ComfyUI-AnyText/README.md
FlintyLemming e1911954ed Init
2024-09-25 15:18:31 +08:00

8.1 KiB
Raw Blame History

Unofficial Simple And Rough Implementation Of AnyText | 中文说明

Original Repo: AnyText: Multilingual Visual Text Generation And Editing

For personal reason Suspended maintenance.

Warning:

  • I'm not a coder, so many issues i have no idea how to solve.
  • Do not install modelscope & tensorflow packages if damo/nlp_csanmt_translation_zh2en translator not needed!!!
  • This custom-node results maybe worse than official.
  • Tested only on cuda with fp16/fp32 , you can try others options but maybe not work.
  • Tested with Official_ComfyUI_Stable_Release using python_embed on windows in my case. Distributions from unofficial or vitural env or other OS(such as linux) maybe not work.
  • Tensorflow need specified cuda_version to run on gpu, but on native windows tensorflow 2.10+: look at the note will not work on cuda, we need linux or wsl2 to make gpu work. In this case, damo/nlp_csanmt_translation_zh2en translator will run slowly on cpu.
  • If error Input type (torch.cuda.FloatTensor) and weight type (torch.FloatTensor) should be the same raise, try set all_to_device to true, maybe works. Thanks to @602387193c----->issues/17.
  • If error expected scalar type Half but found Float, try fp32.
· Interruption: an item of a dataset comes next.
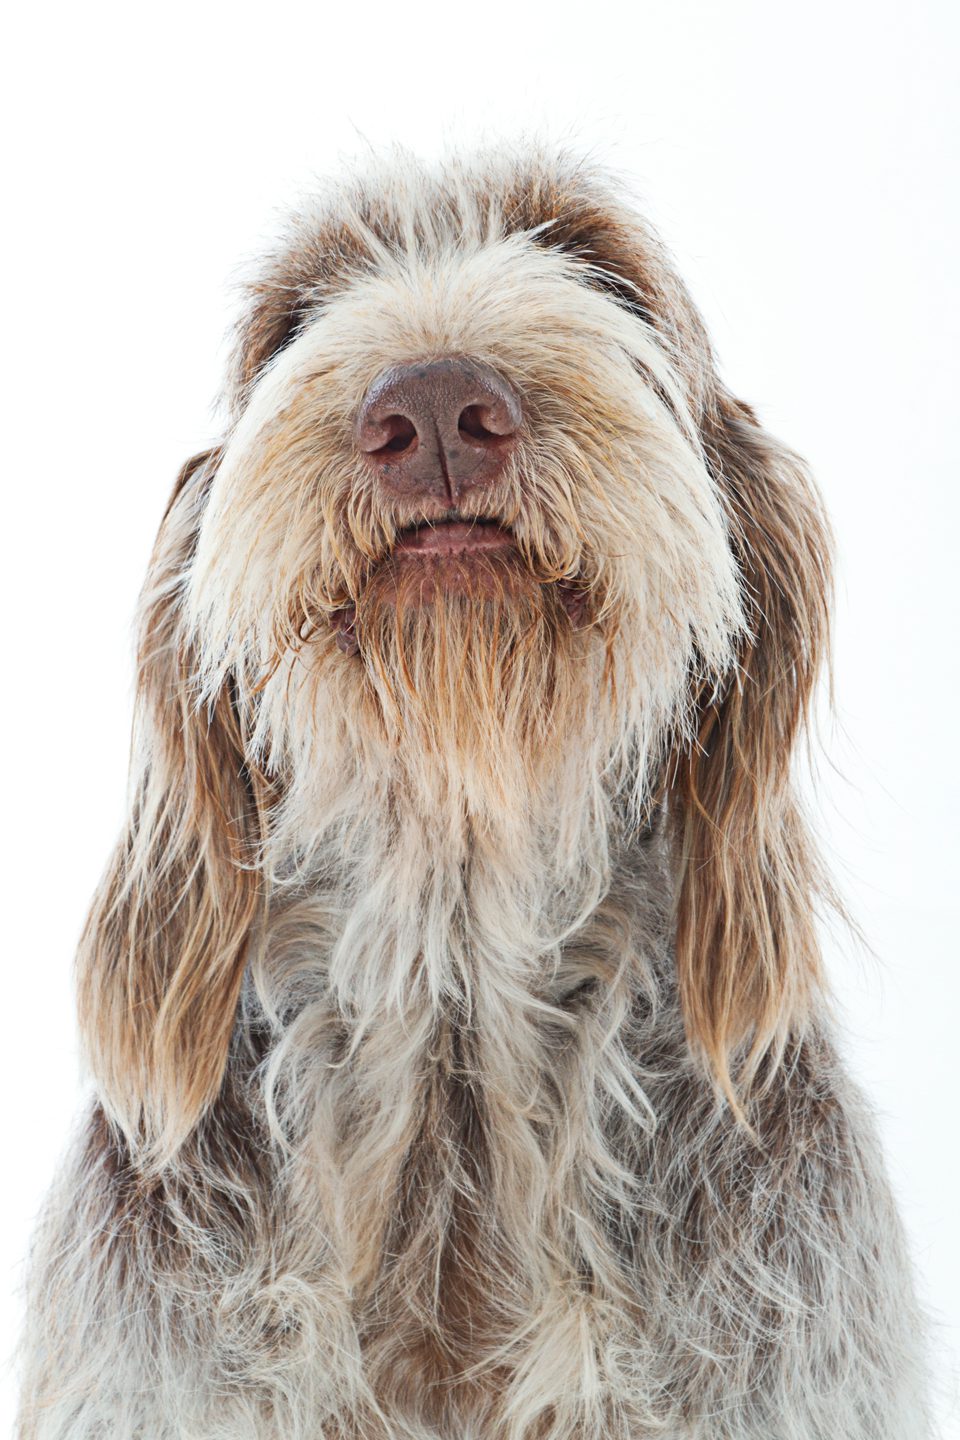 spinone looking almost human

v2 test, more native, not remote_code mode.

Instructions:

  • utrobinmv/t5_translate_en_ru_zh_small_1024 (212MB) is faster and smaller, but accurancy is far worse than damo/nlp_csanmt_translation_zh2en(7.3GB).
  • Input_prompts will be checked if is_Chinese_prompts to decide whether auto load translator or not.
  • Numbers of draw_masks must >= nunbers of string_content (in the "") we want to generate, or it will raise an error "not enough values to unpack".
  • works on my pc: ComfyUI official release+(ComfyUI_windows_portable\ComfyUI)start with powershell+python_embed+win10+py311+torch2.3.0+cu121+rtx3050laptop(4GB).
  • pillow>=9.5.0(10.3.0) Most packages are the newest.
  • Accept any resolution image input, but will resized to <=768, output images will limited to <=768.(Official method)
  • If font、ckpt_name、clip、translator set to Auto_DownLoad, default models will automtically download to specified directory. Models will loaded if models already exist.
  • AnyText model will download into "ComfyUI\models\checkpoints\15\anytext_v1.1.safetensors" from huggingface(fp16: 2.66 GB).
  • We can manually download AnyText-FP32-5.73 GB from modelscope,(fp32 5.73 GB).Then put it into ComfyUI\models\checkpoints.
  • Or manually download AnyText-FP16-2.66 GB from huggingface and rename it to anytext_v1.1.safetensors or whatever you like.Then put it into ComfyUI\models\checkpoints.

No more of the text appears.